» **What you will do**
Take the lines from the one with "Poland Framed Pictures" to the end of the listing, both ends included, and quote them exactly, leaving pictures out.

(Source material Opens)

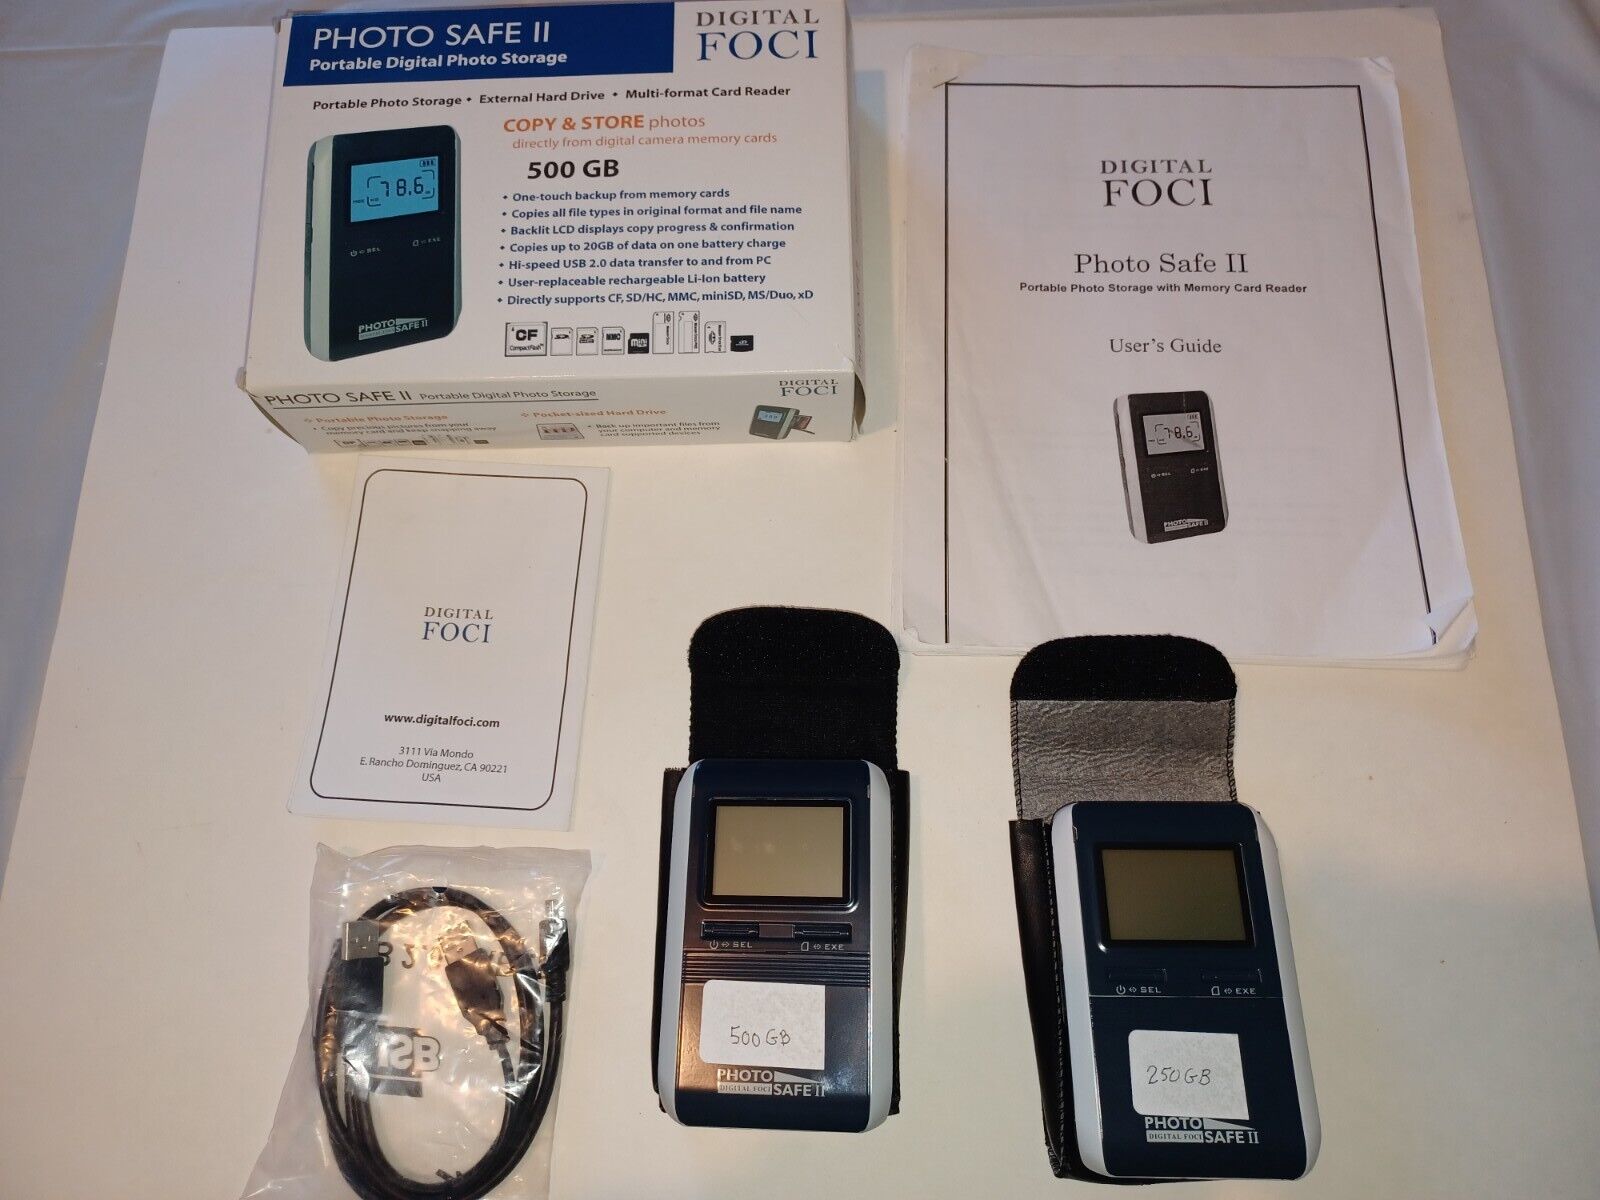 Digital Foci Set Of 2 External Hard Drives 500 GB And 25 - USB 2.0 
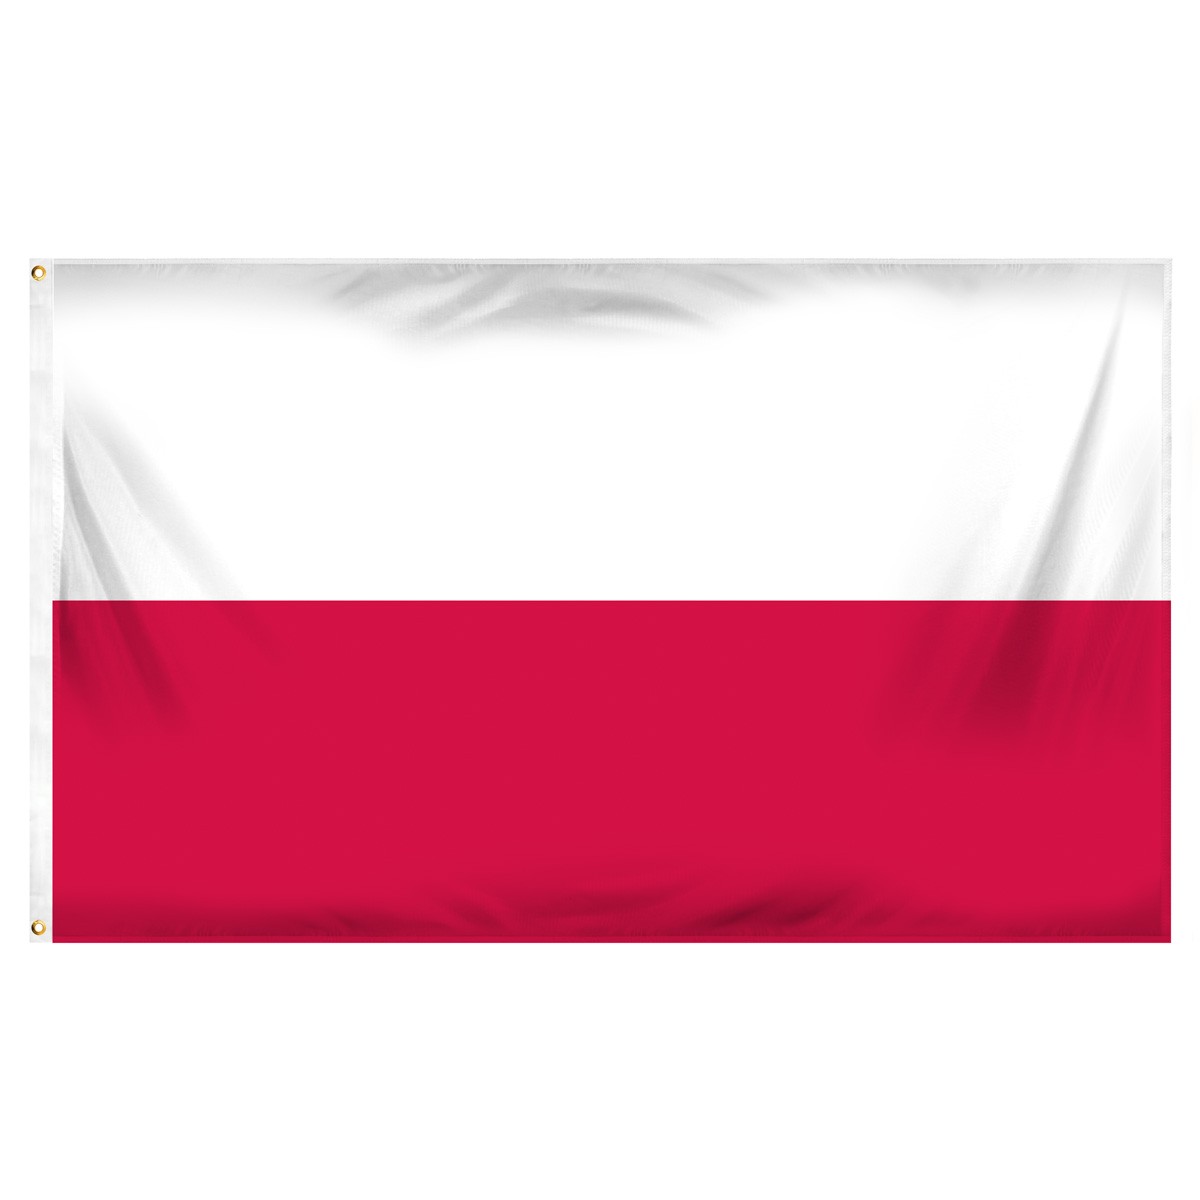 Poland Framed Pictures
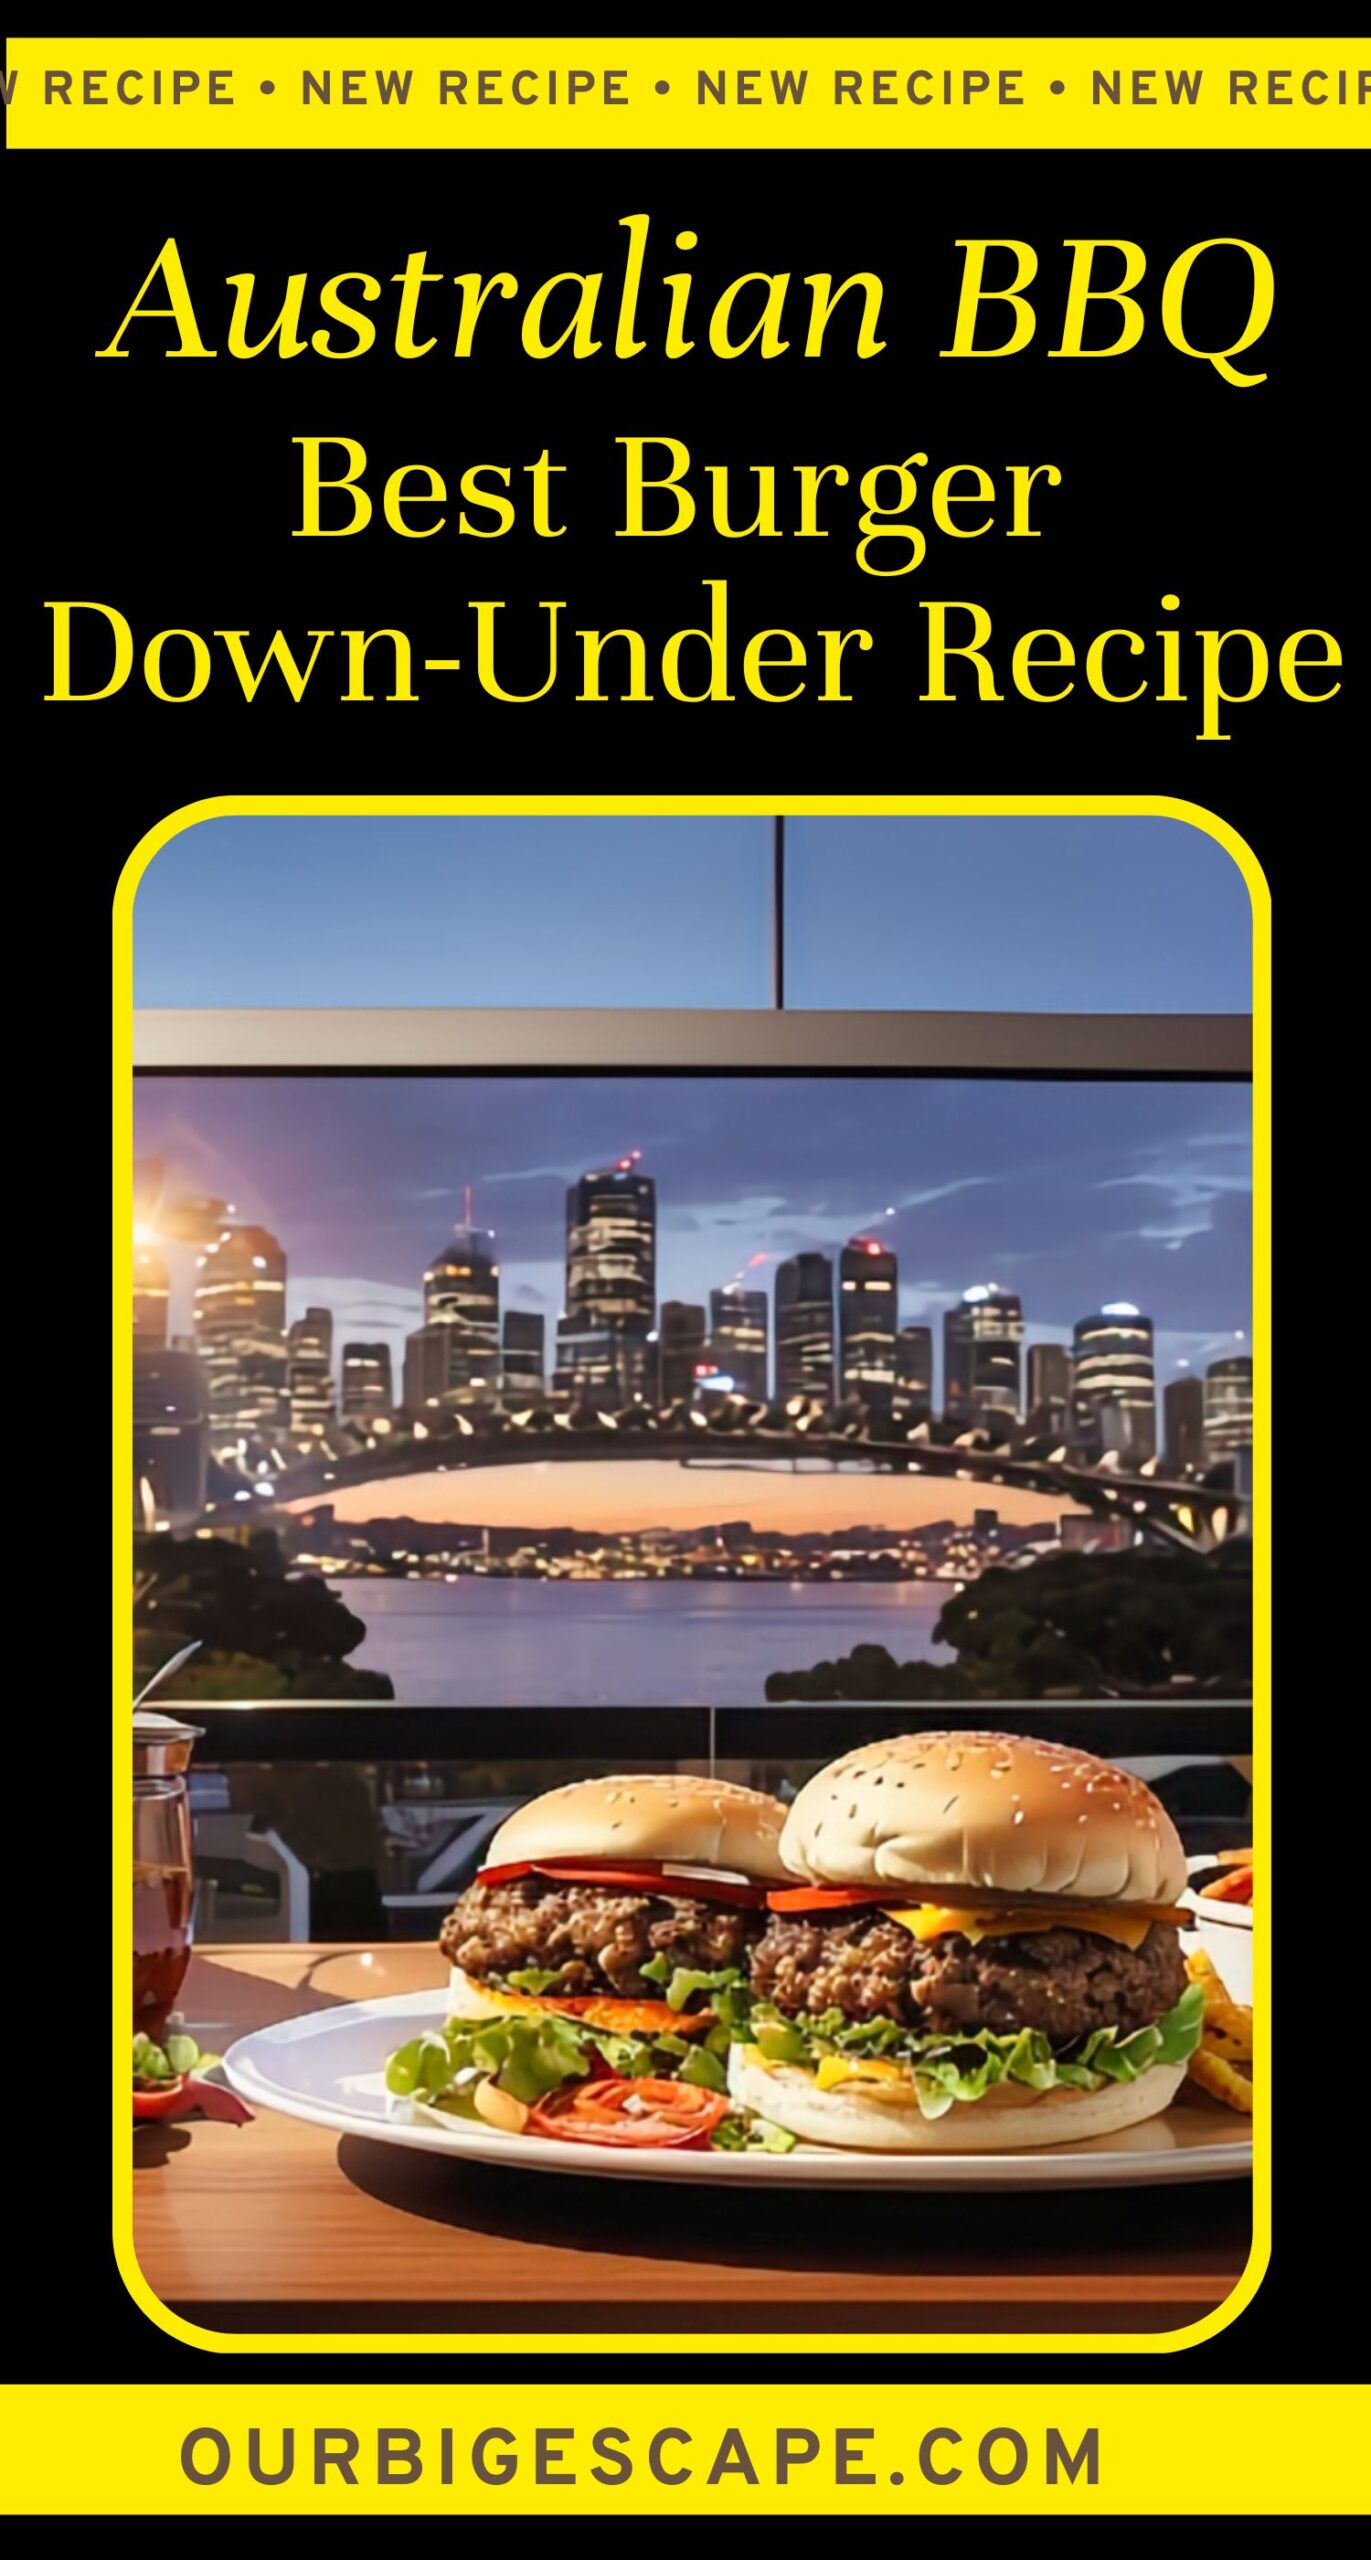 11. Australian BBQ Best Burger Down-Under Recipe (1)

(Source material Closes)

» **Solution to this exercise**
 Poland Framed Pictures
 11. Australian BBQ Best Burger Down-Under Recipe (1)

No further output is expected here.